什么是对空终止字符串的理由? [英] What's the rationale for null terminated strings?

查看:244
本文介绍了什么是对空终止字符串的理由?的处理方法,对大家解决问题具有一定的参考价值,需要的朋友们下面随着小编来一起学习吧!

问题描述

虽然我爱C和C ++,我不禁挠我的头在空的选择结尾的字符串:

As much as I love C and C++, I can't help but scratch my head at the choice of null terminated strings:


  • 长prefixed(即帕斯卡)字符串存在在C之前

  • 长prefixed字符串使几种算法更快允许恒定时间长度查找。

  • 持续prefixed字符串使其更难以引起缓冲区溢出错误。

  • 即使是32位计算机上,如果您允许的字符串,可用内存的大小,长度prefixed字符串只有三个字节宽于一个空结尾的字符串。在16位机器,这是一个字节。在64位机器,4GB的是一个合理的字符串长度的限制,但即使你想将它扩展到机器字的大小,64位机器通常有充足的内存使得额外的7个字节排序一个空的说法。我才知道,原来C标准是为穷人疯狂的机器写的(在内存方面),但效率参数不这里卖我。

  • pretty多少每隔语言(即Perl中,帕斯卡尔,Python和Java和C#等),使用长度prefixed字符串。这些语言通常是在字符串操作基准击败C,因为它们是用绳子更加高效。

  • C ++这种纠正一点与的std :: basic_string的模板,但普通的​​字符数组期待空终止字符串仍然普遍存在。这也是不完美的,因为它需要堆分配。

  • 空终止字符串必须保留一个字符(即,零),这不能在字符串中存在,而长度prefixed字符串可以包含嵌入的空值。

  • Length prefixed (i.e.
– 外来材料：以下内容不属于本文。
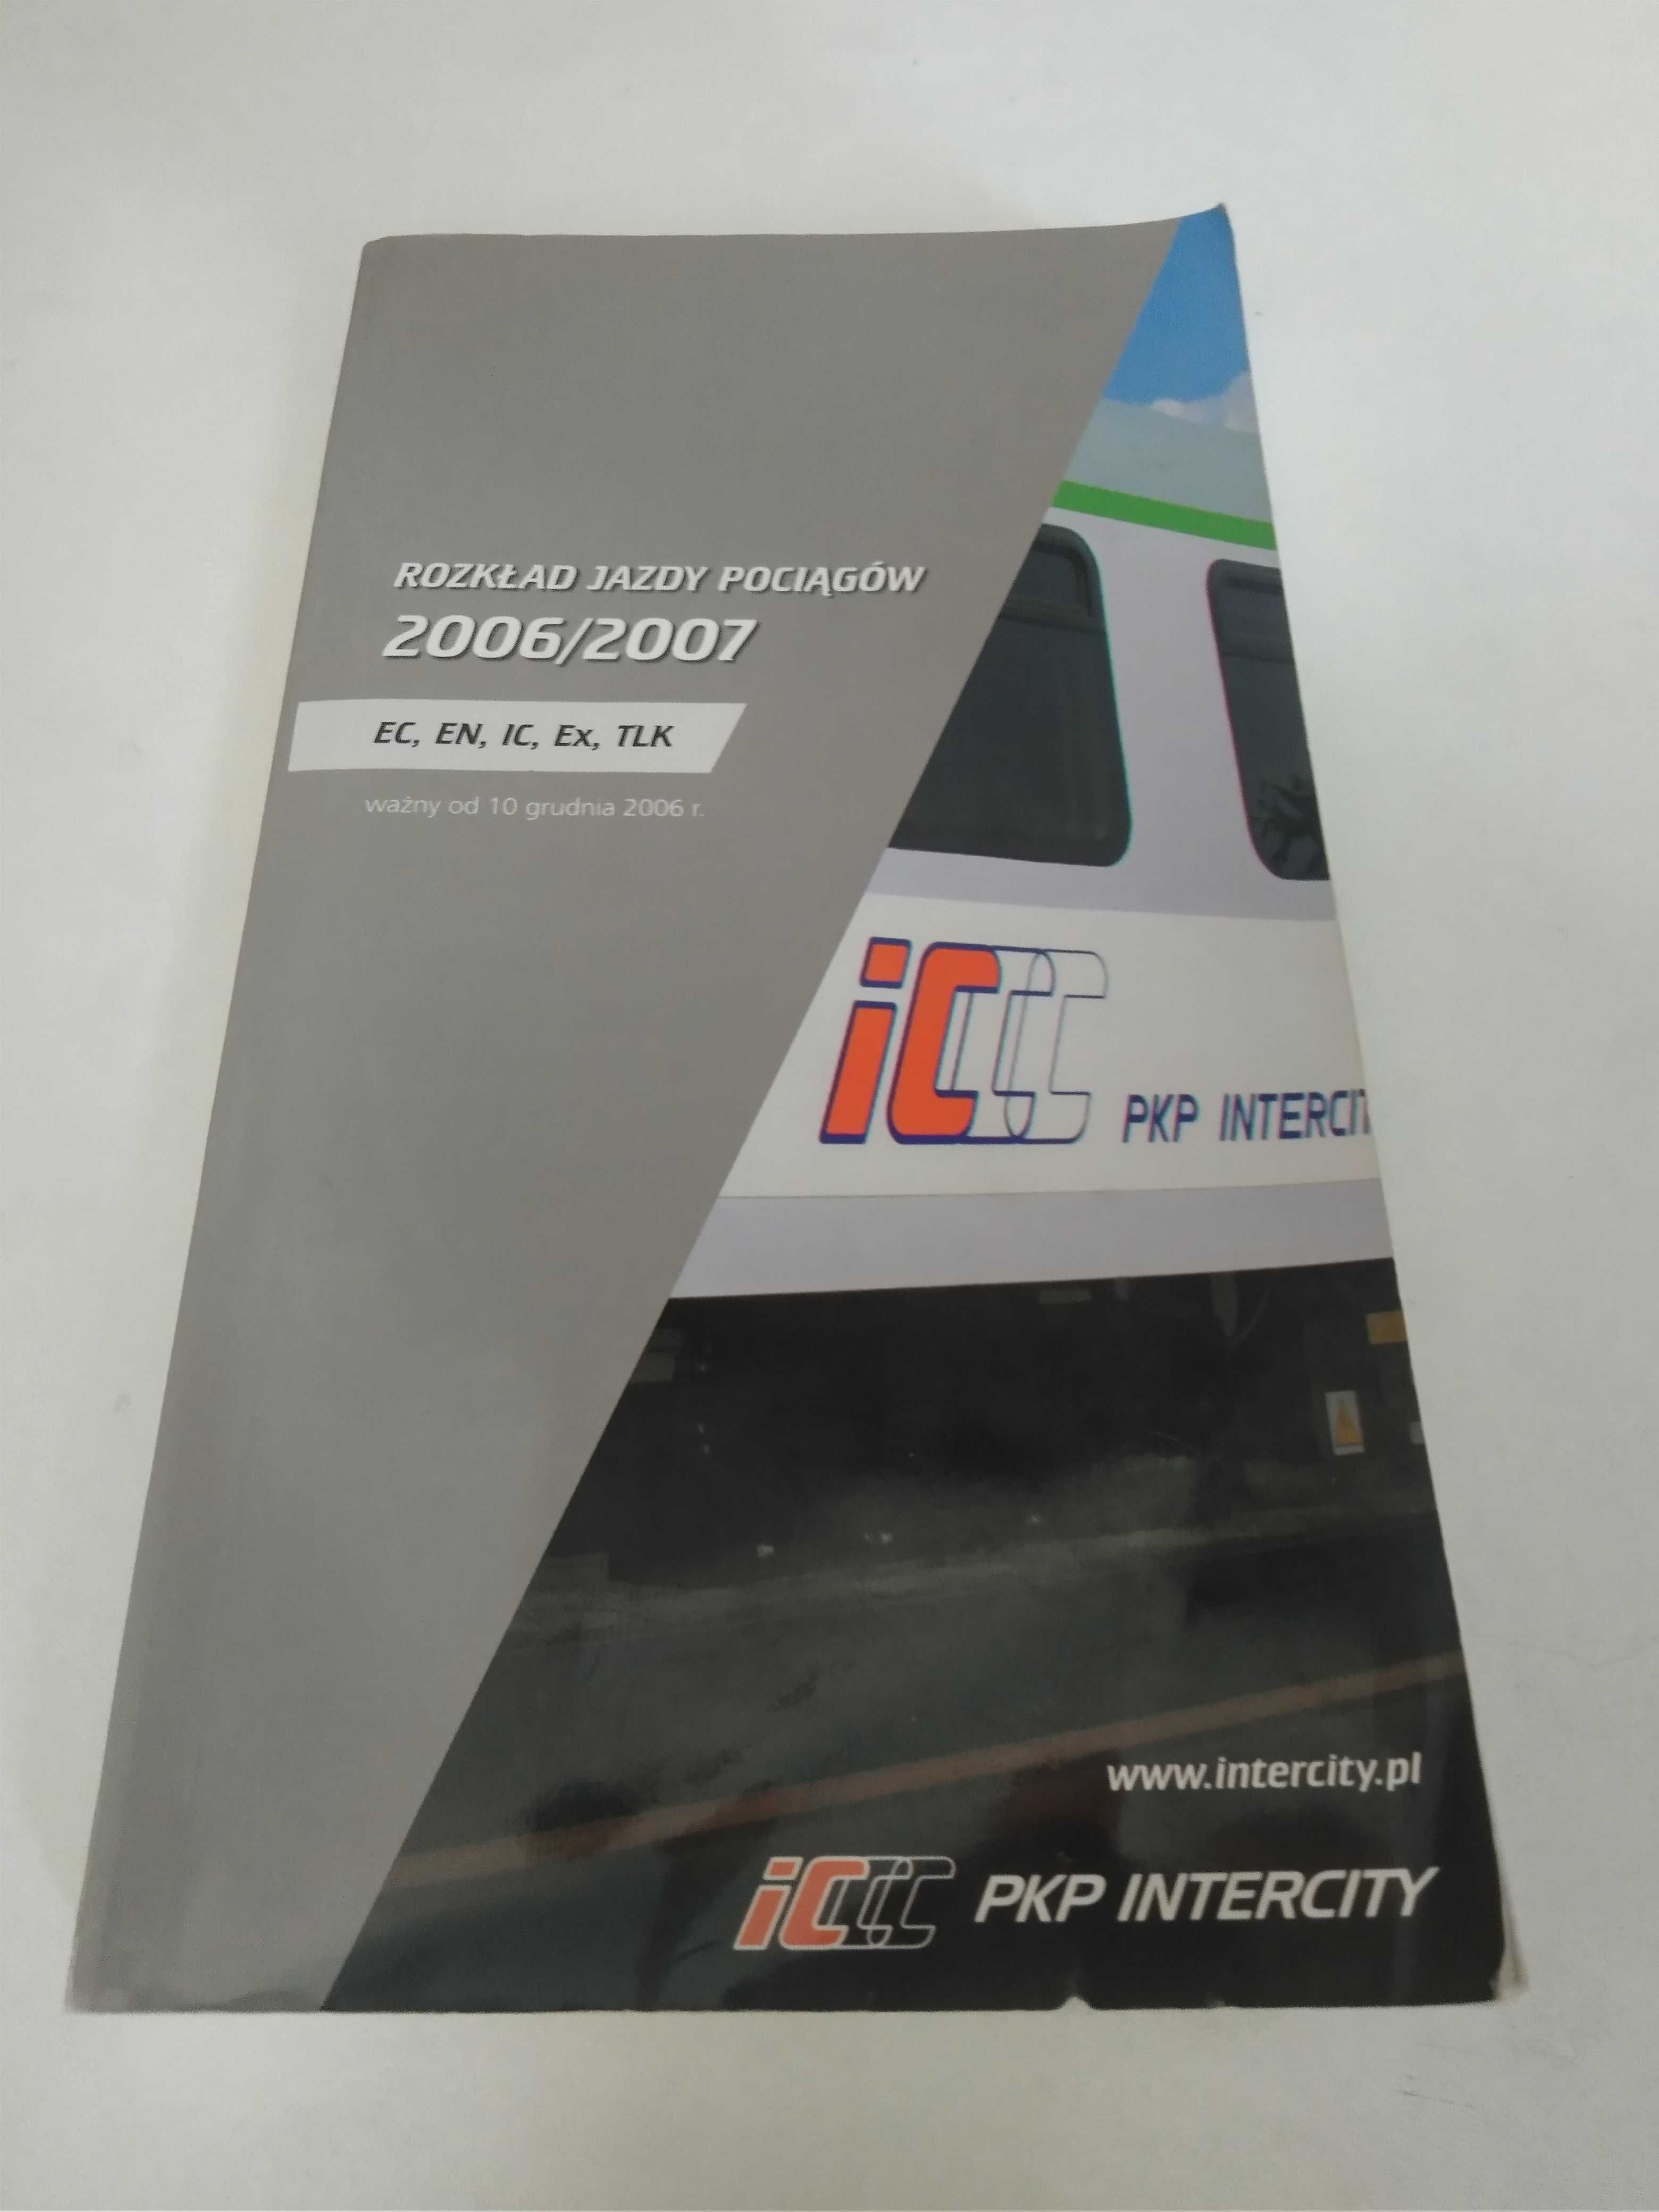 Rozkład jazdy pociągów Intercity 2006/2007

Pascal) strings existed before C
  • Length prefixed strings make several algorithms faster by allowing constant time length lookup.
  • Length prefixed strings make it more difficult to cause buffer overrun errors.
  • Even on a 32 bit machine, if you allow the string to be the size of available memory, a length prefixed string is only three bytes wider than a null terminated string. On 16 bit machines this is a single byte. On 64 bit machines, 4GB is a reasonable string length limit, but even if you want to expand it to the size of the machine word, 64 bit machines usually have ample memory making the extra seven bytes sort of a null argument. I know the original C standard was written for insanely poor machines (in terms of memory), but the efficiency argument doesn't sell me here.
  • Pretty much every other language (i.e. Perl, Pascal, Python, Java, C#, etc) use length prefixed strings. These languages usually beat C in string manipulation benchmarks because they are more efficient with strings.
  • C++ rectified this a bit with the std::basic_string template, but plain character arrays expecting null terminated strings are still pervasive. This is also imperfect because it requires heap allocation.
  • Null terminated strings have to reserve a character (namely, null), which cannot exist in the string, while length prefixed strings can contain embedded nulls.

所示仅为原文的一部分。